Because as all football fans know, playing better doesn't guarantee winning and the past four finals either saw very balanced tussles or "injustice" being done.
On that fateful night in Istanbul, Liverpool were torn apart yet managed "six minutes of madness", a phrase immortalised by a stunned Carlo Ancelotti who saw his Milan team fail to put away a 3-0 lead, and then two point-blank chances in extra time, and three penalties in the shootout.
The next year, Arsenal had led despite having their goalkeeper sent off in the 18th minute and defended manfully only to for their defence to collapse in the last quarter of an hour.
Milan had their revenge on Liverpool in 2007, being put to the sword by the Reds but seeing a deflection off the back of Filippo Inzaghi giving them the lead before finishing 2-1 winners.
Last year, an evenly contested match ended up with John Terry being given the chance to win it with the last penalty against Man Utd. But disappointment turned to anguish for Chelsea as their captain slipped as he took the kick, seeing his shot come off the post and then in sudden-death kicks, Nicolas Anelka failed to convert.
It has happened time and again, teams snatching defeat from the jaws of victory. It's a point I've been trying to make in this column for the whole season, and has won me the adoring criticism of readers, partly for supposedly finding excuses for a Liverpool team that has failed to capitalise on early season promise, and partly for suggesting that Man Utd were lucky with "timely" rather than "favourable" decisions by referees.
But credit to most Manchester United fans, they have accepted that Barcelona were the better team on the night, even if not accepting the Catalans are the better team fullstop.
After all, if Sir Alex Ferguson could think his team was the better one after being mauled 4-1 by Liverpool, then his conceding that Pep Guardiola's men were better is already a shocking event.
To be fair though, Man Utd could so easily have picked up their fourth European title. For 10 minutes, only one team had showed up, with Cristiano Ronaldo determined to show that he is worthy of the title of world's best player.
But what happened? A goal happened, is what.
And then suddenly it was all Barcelona. There is no scientific way to explain it, but it happens all the time. Team gets a goal and the entire dynamics of the game, or even the entire competition changes.
The goal could and should have been avoided though. Anderson let Andres Iniesta — who Wayne Rooney later called the world's best player — waltz past him, then Nemanja Vidic was bamboozled by a simple cut-in from Samuel Eto'o, who then toe-poked it past Edwin van der Sar at his near post.
Three mistakes. If only one were avoided, the Devils would probably have continued their barnstorming start to the game. Instead, it was a footballing lesson, as Victor Valdez was only really troubled once more in the game, and that came after Lionel Messi had put Barca two ahead, capping a performance that won the overhyped Ronaldo-Messi contest.
On its own, it may seem like a simple truism to say that goals decide games. But often, it has shifted the momentum tremendously even across a 38-game league.

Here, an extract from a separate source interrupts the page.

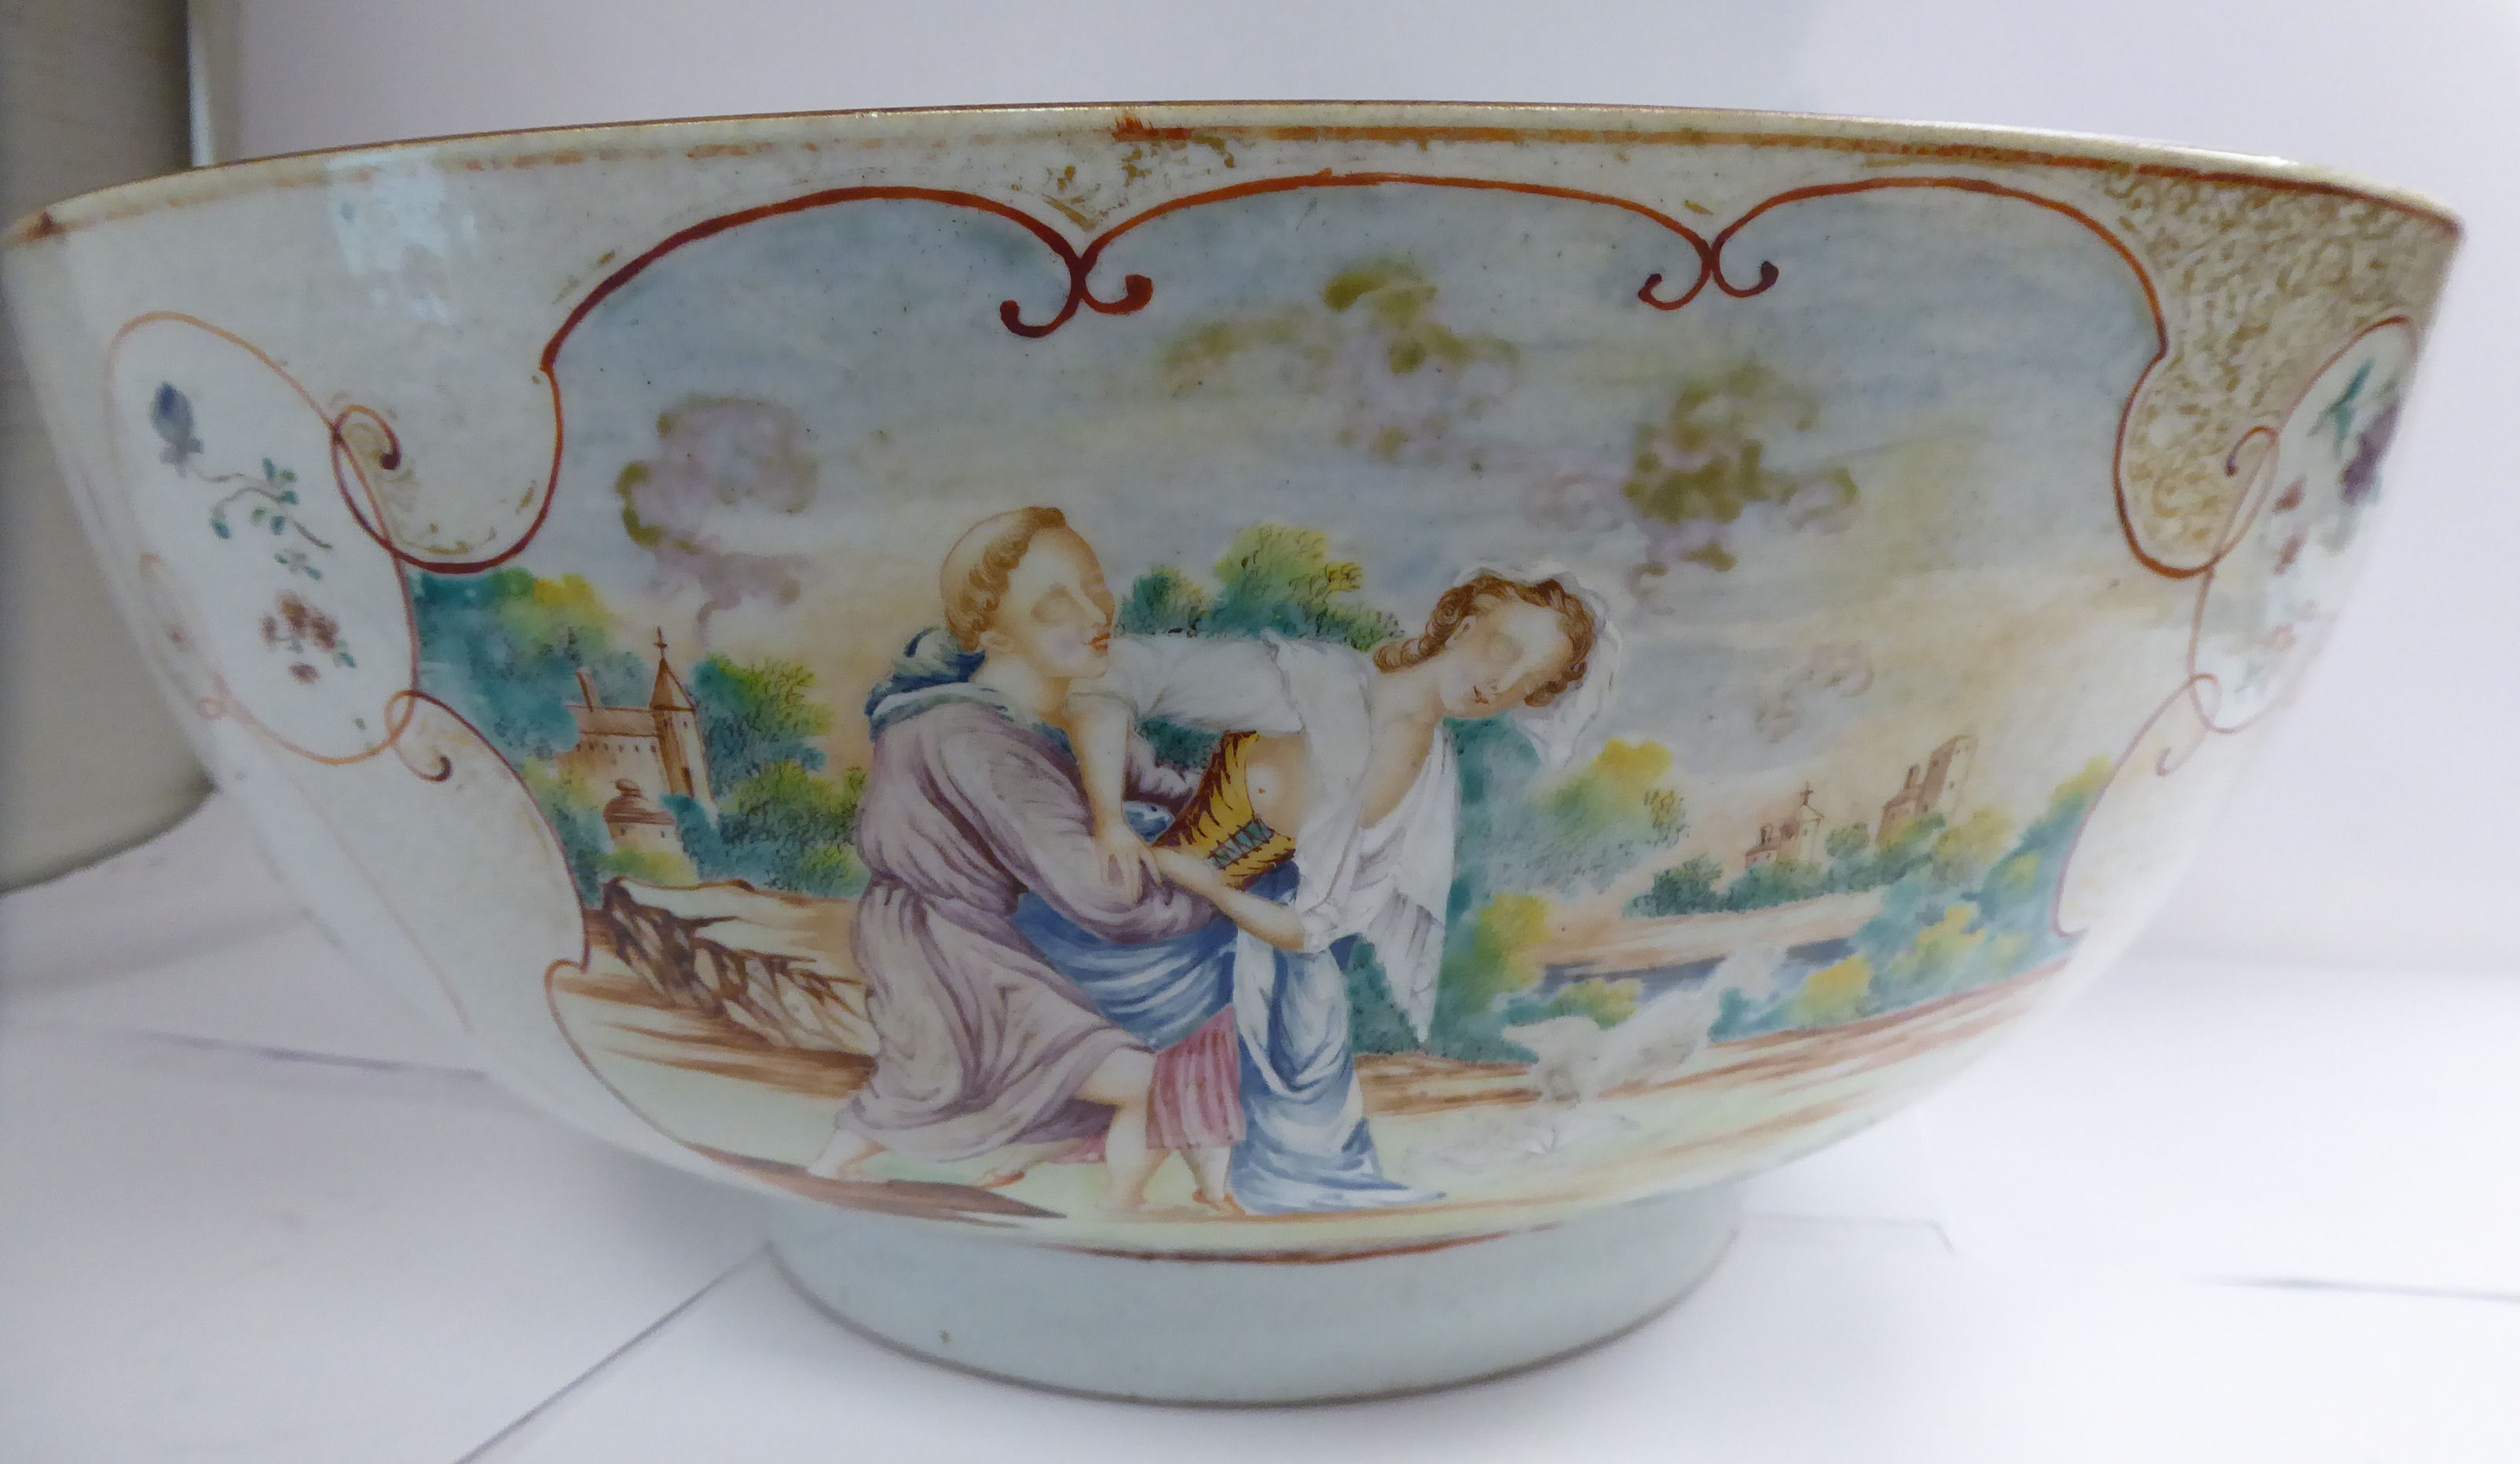 A late 18thC Chinese porcelain footed bowl, decorated in European taste in reserves with figures, - Image 4 of 11

When Liverpool trailed to MU but then had Fernando Torres humiliate Vidic for the equaliser, it shifted the game and, indeed, put the entire title chase back on track. But the same title hunt by the Reds was doused when starlet Federico Macheda scored late goals in consecutive matches to give the Devils one-goal wins.
That same chase ended for good when MU pulled a controversial goal back against Tottenham after going two down.
They say the table doesn't lie, and rightfully, for taking their chances, and winning more games, Man Utd are the champions. But the table also tells us that Liverpool has the best goal difference.
What it tells us is that there is no such thing anymore in football about someone "deserving to win" or not. Someone just wins, fullstop.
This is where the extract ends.